The fate of Sen. Chris Buttars should be left up to his West Jordan constituents, say 42 percent of those responding to a new poll.

The NAACP is calling for the Republican senator's resignation, after he made what some believe to be a racist statement on the Senate floor earlier this week. And Senate GOP leaders are quietly pressuring him to announce he won't seek re-election this November.

But 42 percent of the 241 Utahns polled believe Buttars should finish his work this session and let the voters decide if he deserve another term. The Deseret Morning News/KSL-TV poll was conducted Saturday by Dan Jones & Associates, and has a 6.4 percent margin of error.

Earlier this week, Buttars used the word black to negatively describe the "baby" being divided by a bill dealing with sharing school district revenues, saying, "This baby is black, I'll tell you.

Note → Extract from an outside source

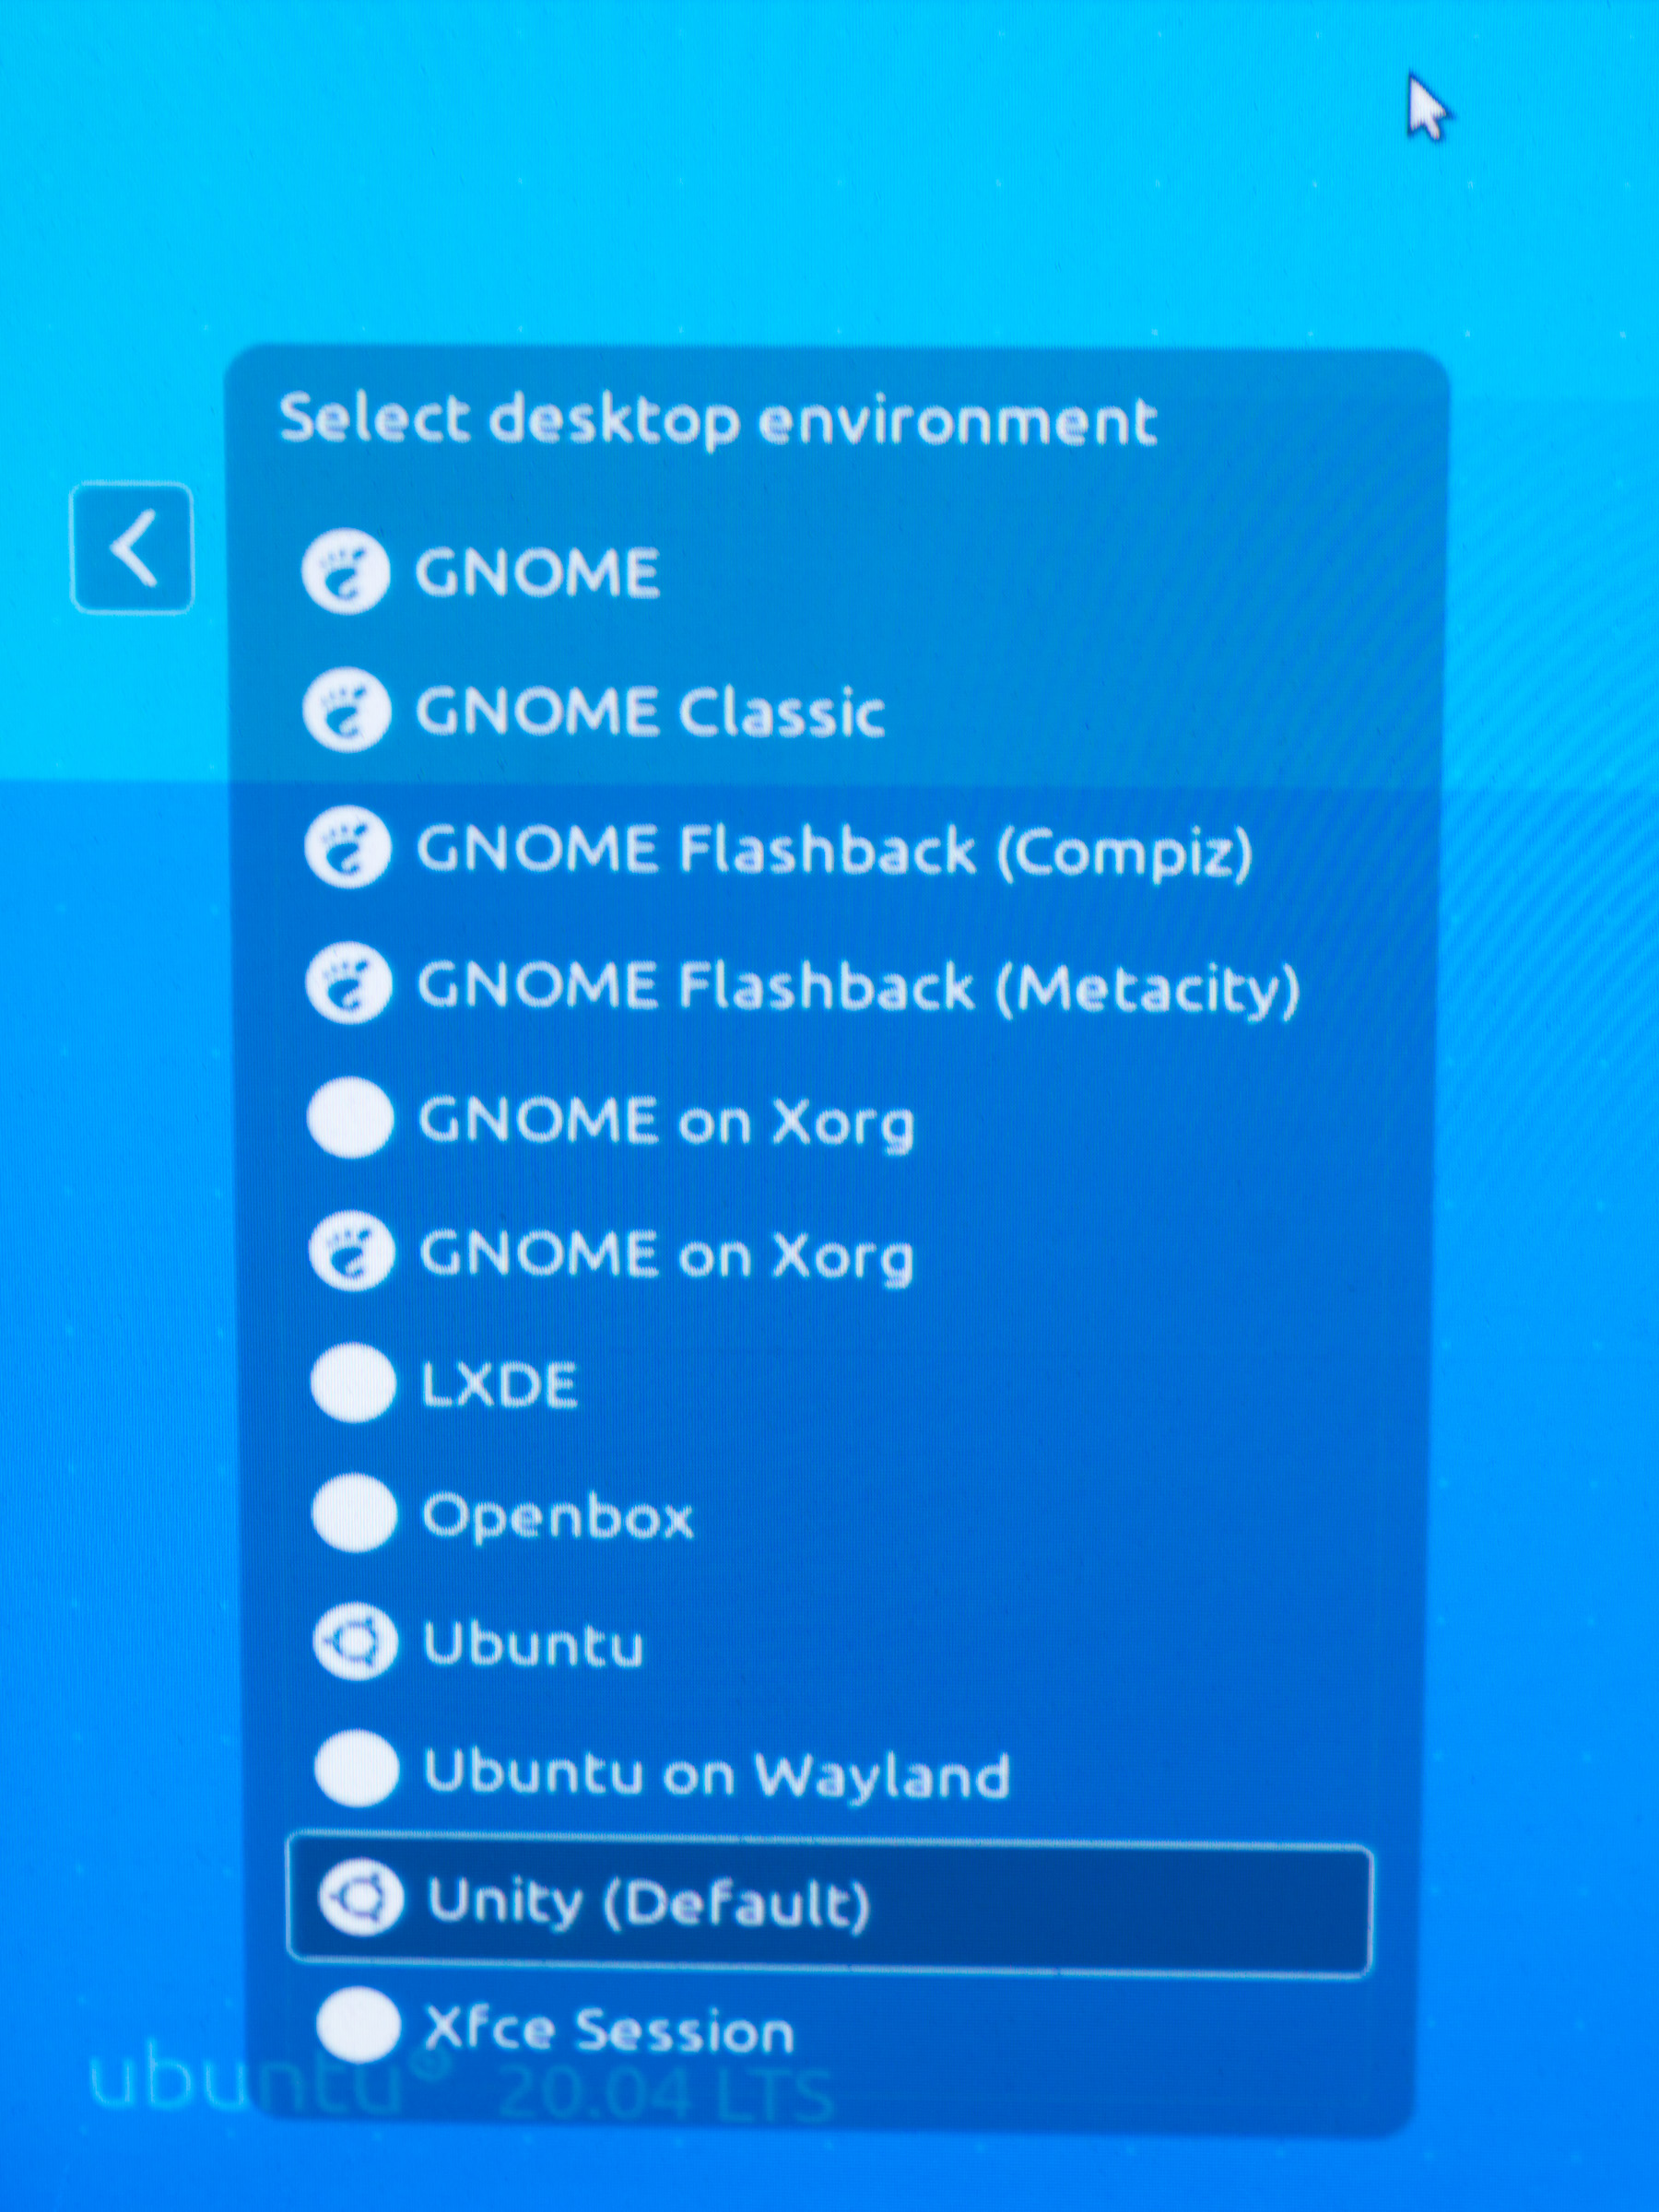 Desktop environment menu on Ubuntu.

This is a dark and ugly thing."

That led to a call for Buttars' resignation from Jeanetta Williams, president of the Salt Lake Branch of the National Association for the Advancement of Colored People.

Only 28 percent of Utahns polled want Buttars' to resign.

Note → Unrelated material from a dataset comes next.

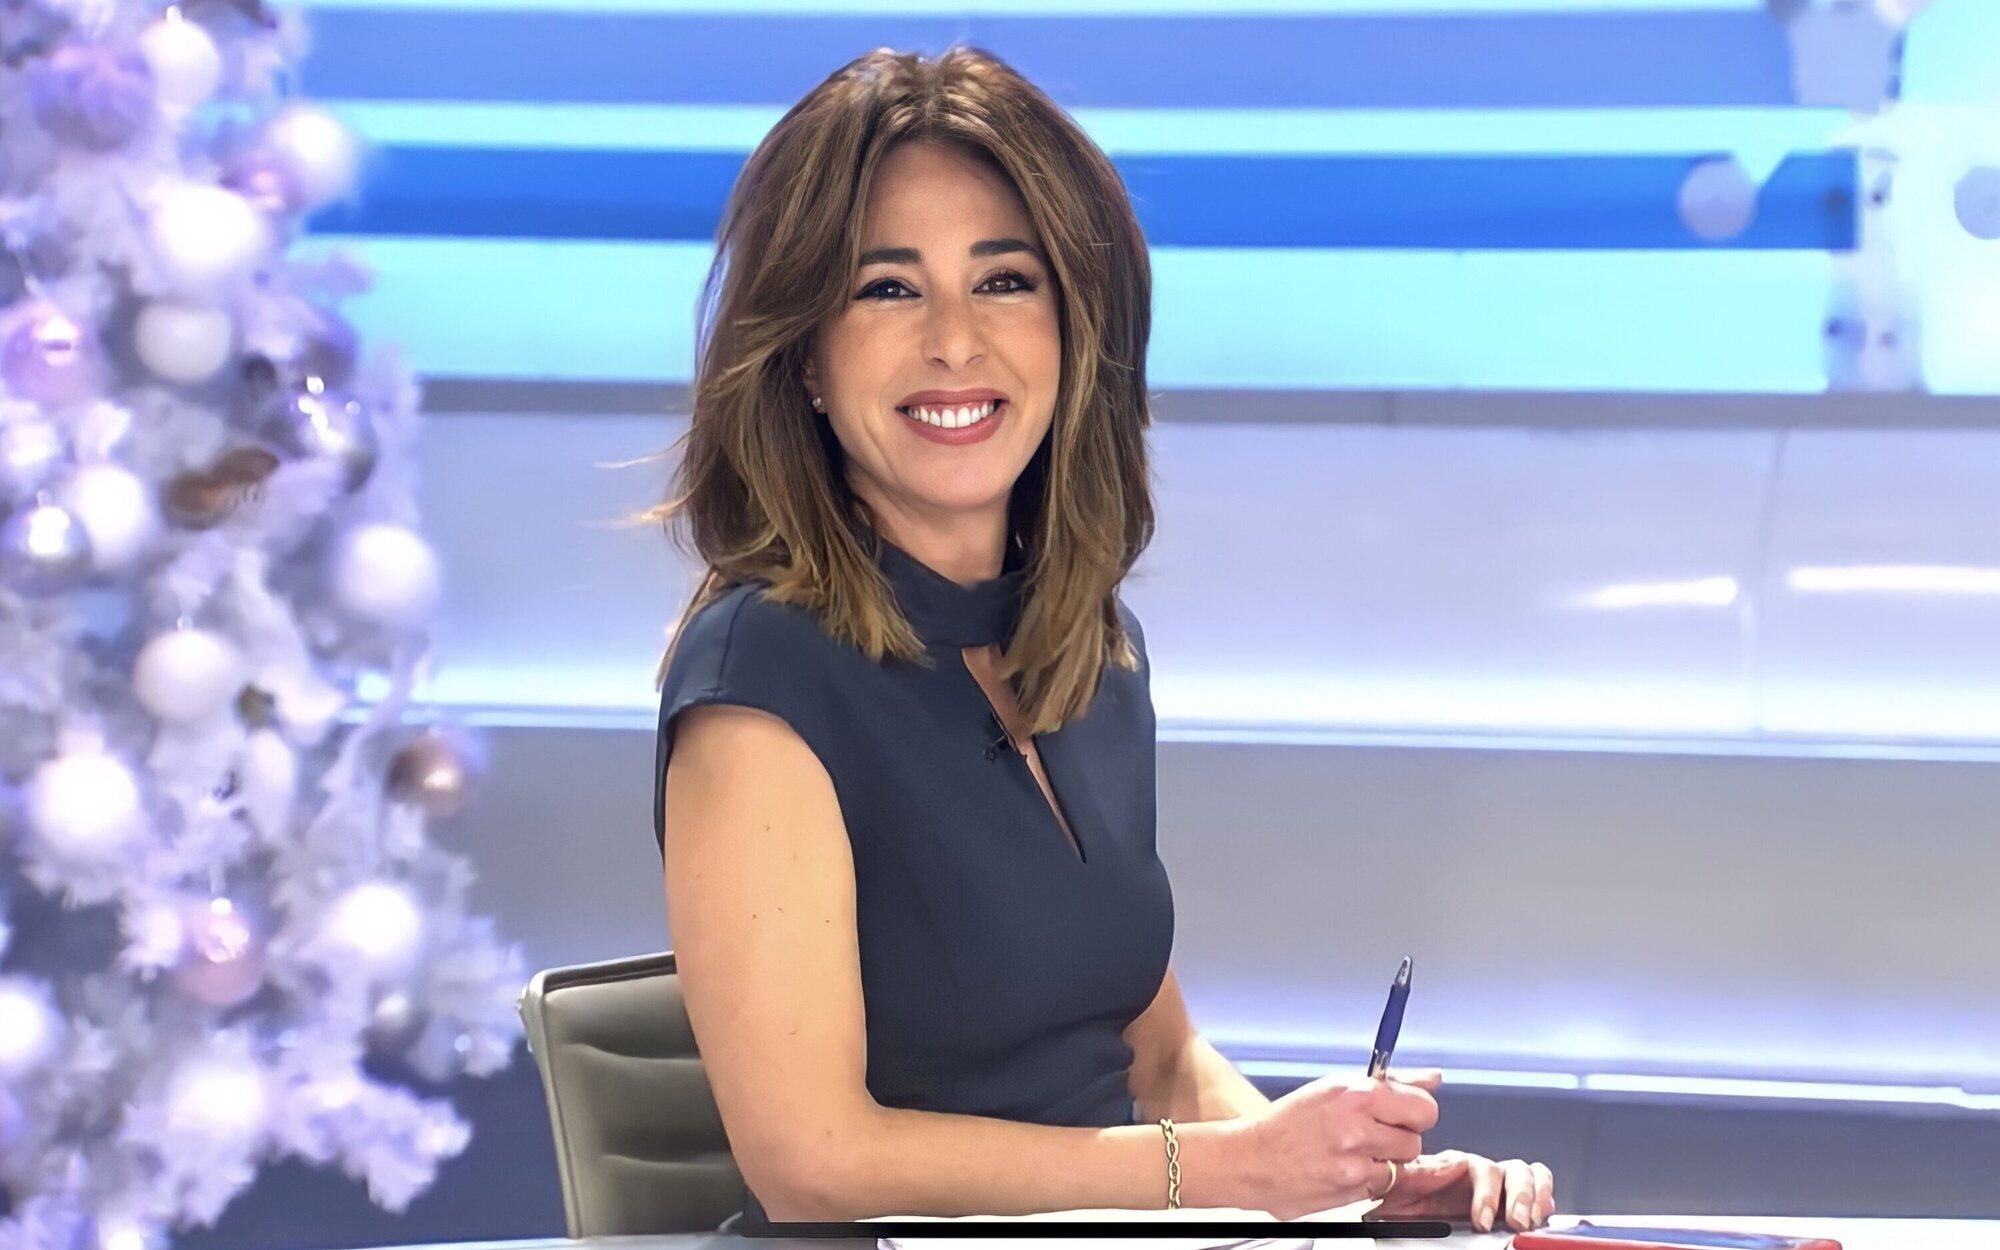 Ana Terradillos se suma al equipo fijo de presentadores de Mediaset con un contrato de larga duración

When asked whether the poll was an accurate picture of Utahns' perceptions, Williams said she's heard from a variety of racial and ethnic backgrounds, including white, who are supportive and has also seen support on newspaper blogs

"I've heard from some of his constituents out in West Jordan," she said. "They were concerned. ... I've heard from a whole lot of people ... in agreement with the NAACP."

Still, Williams acknowledged some in Utah don't think Buttars was out-of-line enough to merit his resignation.

"The demographics of the state we live in ... some of the issues that are critical to the NAACP, a lot of folks in Utah feel it's not critical to them."

Senate Republican leaders apparently are hoping that an announcement from Buttars that he won't run for a third term this November will put an end to the controversy surrounding the statement he made during Tuesday afternoon's floor session.

Buttars met for about 45 minutes Friday morning with Senate Majority Leader Curt Bramble, R-Provo, to discuss Buttars' remark.

While Bramble declined to detail any specifics of the conversation, sources told the Deseret Morning News that it was made clear to Buttars this needs to be his final term in the Legislature.

According to the poll, 21 percent of Utahns agree and want Buttars to not seek re-election this year.

Buttars later apologized from the Senate floor, after Senate President John Valentine, R-Orem, announced his words were a breach of decorum. He also posted an apology to the Senate majority's Web site, www.senatesite.com/blog.

Then, on Thursday Buttars said, "I stand by my statement." Asked if that meant he was not going to consider resigning, he said, "I stand by my apology. That's it. This issue is done as far as I'm concerned."

Attempts to reach the Buttars and Senate leadership were unsuccessful on Saturday.

However, earlier this week Senate President John Valentine, R-Orem, said it was up to Buttars to decide whether to resign.

Valentine said no further action can be taken against Buttars under Senate rules. Senators can be censured only if they refuse to apologize for a breach of decorum, he said, noting a censure carries no penalties.

The national NAACP won't be stepping in on the matter, Williams said.

Williams discussed the situation with Dennis Courtland Hayes, interim president and chief executive officer, of the national civil rights organization while at an NAACP conference in New York on Saturday.

"He knows about what's going on, and he says we're taking the right approach," Williams said. "They always allow the branches to handle situations," she said.